Data : 19 de outubro de 2010
Módulo : Normas e Legislação
Horário: 17h45 às 18h45 - sala : 2
Título: Solução Prodesp de Integração de Normas ISO 9001, 27001 e 20000 - Um caso inédito- nº P 12
Fábio Raymundo Neves Fernandes - Especialista de Informática - Prodesp

Currículo:
Formado em Administração de Empresas, Especialização em Segurança da Informação, 12 anos de experiência na Área, Coordenador de Continuidade de Negócios e Gestão de Riscos, Gestor da ISO 27001, responsável pelo CSIRT-Prodesp (Grupo de Resposta e Tratamento de Incidentes de SI) e Forense Digital, MCSO, Auditor Líder ISO 27001 e BS-25999, proferiu várias palestras no Brasil, na Europa e EUA.

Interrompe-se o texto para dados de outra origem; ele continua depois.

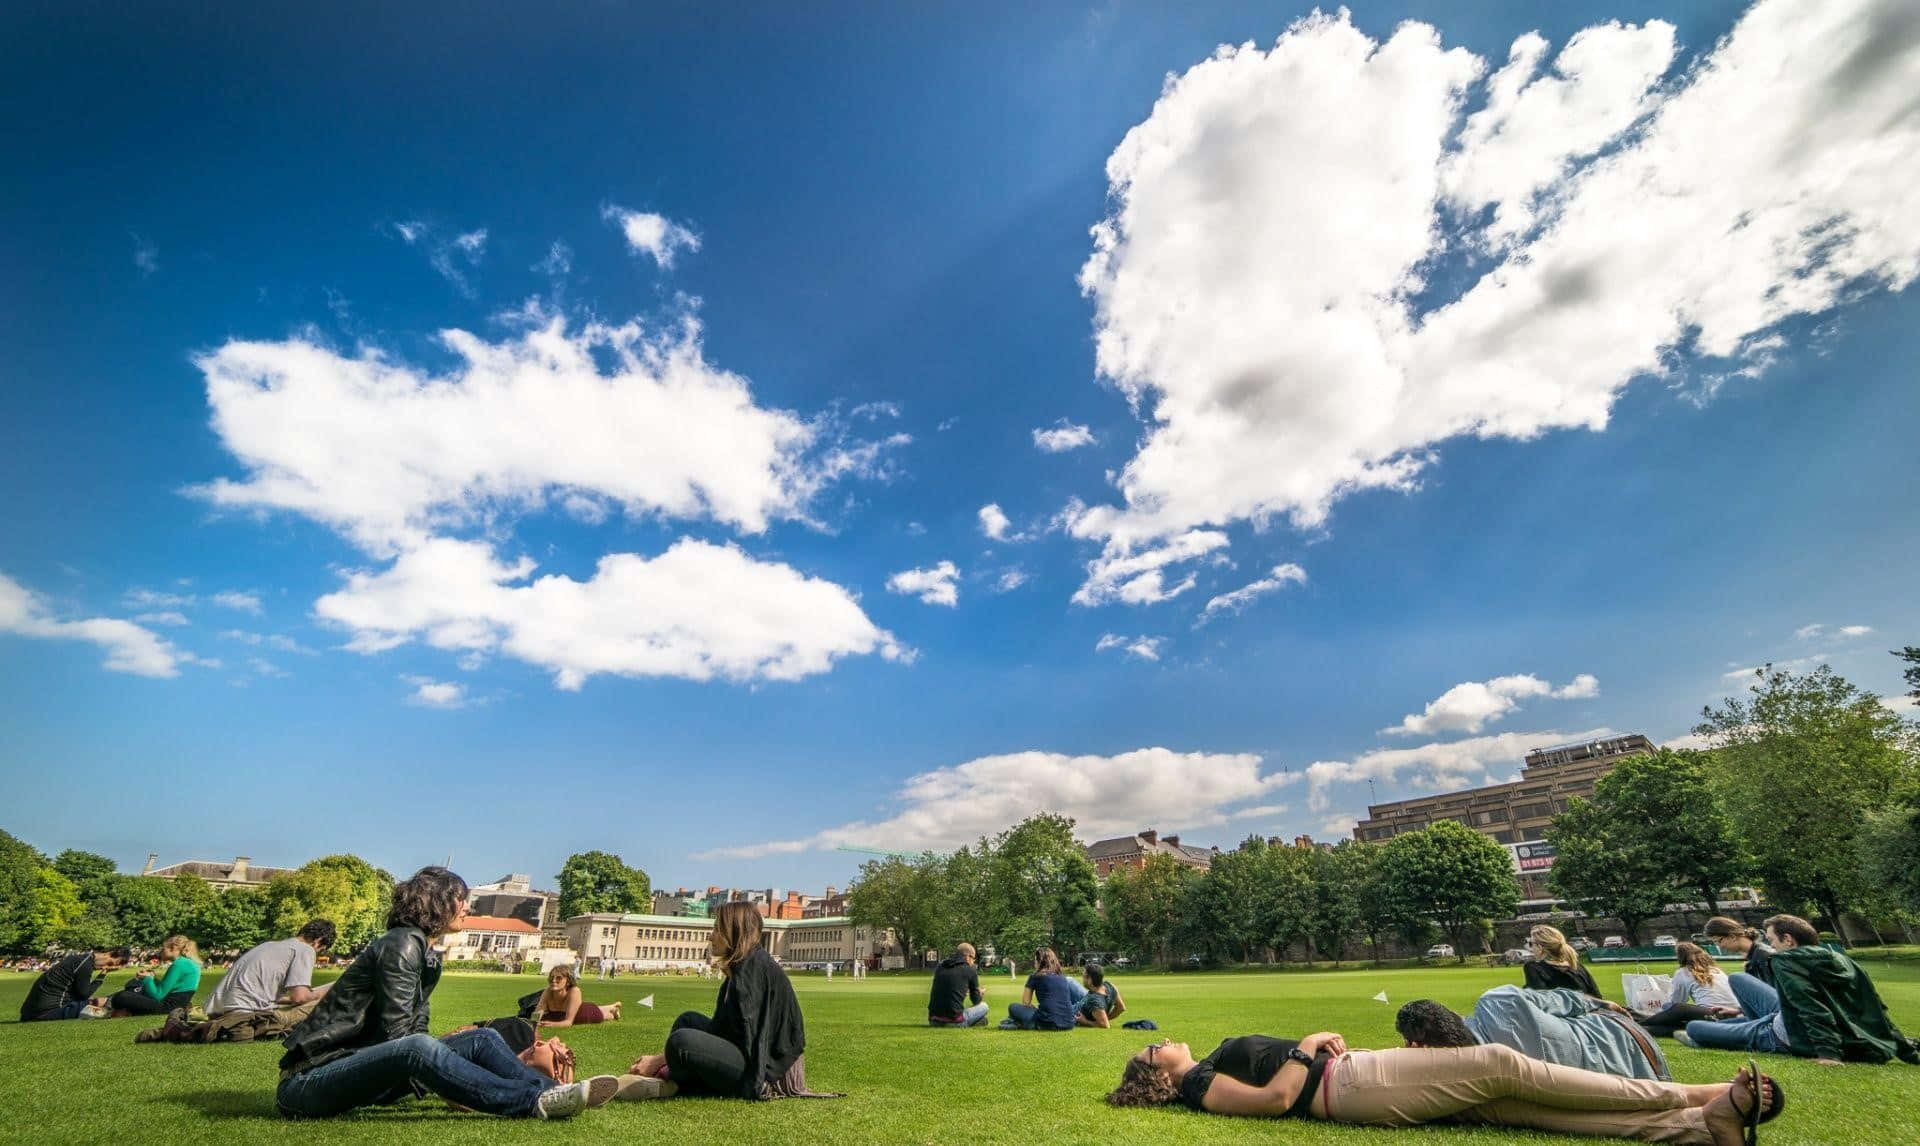 Students Relaxing On Campus Lawn

Tópicos dos Assuntos abordados:
Integração de Normas ISO usando o padrão PAS 99;
Aplicação de Normas integradas ao Data Center Prodesp;
Racionalização de trabalhos através de procedimentos comuns;

Conteúdo:
O conhecimento que se desenvolve a partir de processos de serviço dentro da Prodesp tem sido marcado por um nível de inovação significativo. Novos produtos foram desenvolvidos para atender a necessidades de usuários agregando valor ao produto fornecido e ao negócio do cliente.
Neste sentido, assume relevante importância a concretização e aplicabilidade do processo de integração de normas ISO relacionadas à Tecnologia da Informação na Prodesp, baseado na diretrizes da PAS 99: 2006 no que se definiu chamar de Sistema Integrado de Gestão de TI, que já foi auditado e aceito por entidades de certificação internacional e percebido como única no mundo.
A importância da criação de um Sistema Integrado de Gestão de TI se traduz nos seguintes objetivos:
1)Apresentar as atividades das Gerências da Diretoria de Produção e Serviços e demais Áreas ligadas à mesma;
2)Definir os Escopos dos Sistemas de Gestão da Qualidade, Segurança da Informação e de Serviços de TI congregados no Sistema Integrado de Gestão da TI;
3)Informar a Política Integrada da Qualidade, Segurança da Informação e Serviços de TI;
4)Apresentar os processos internos e a suas interações por Sistema de Gestão.
5)Esclarecer de que forma os requisitos das normas ISO 9001:2008, ISO 27001:2005 e ISO 20000:2005 se integram e são atendidos e referenciados no Publicly Available Specification - PAS 99 Sistemas Integrados de Gestão.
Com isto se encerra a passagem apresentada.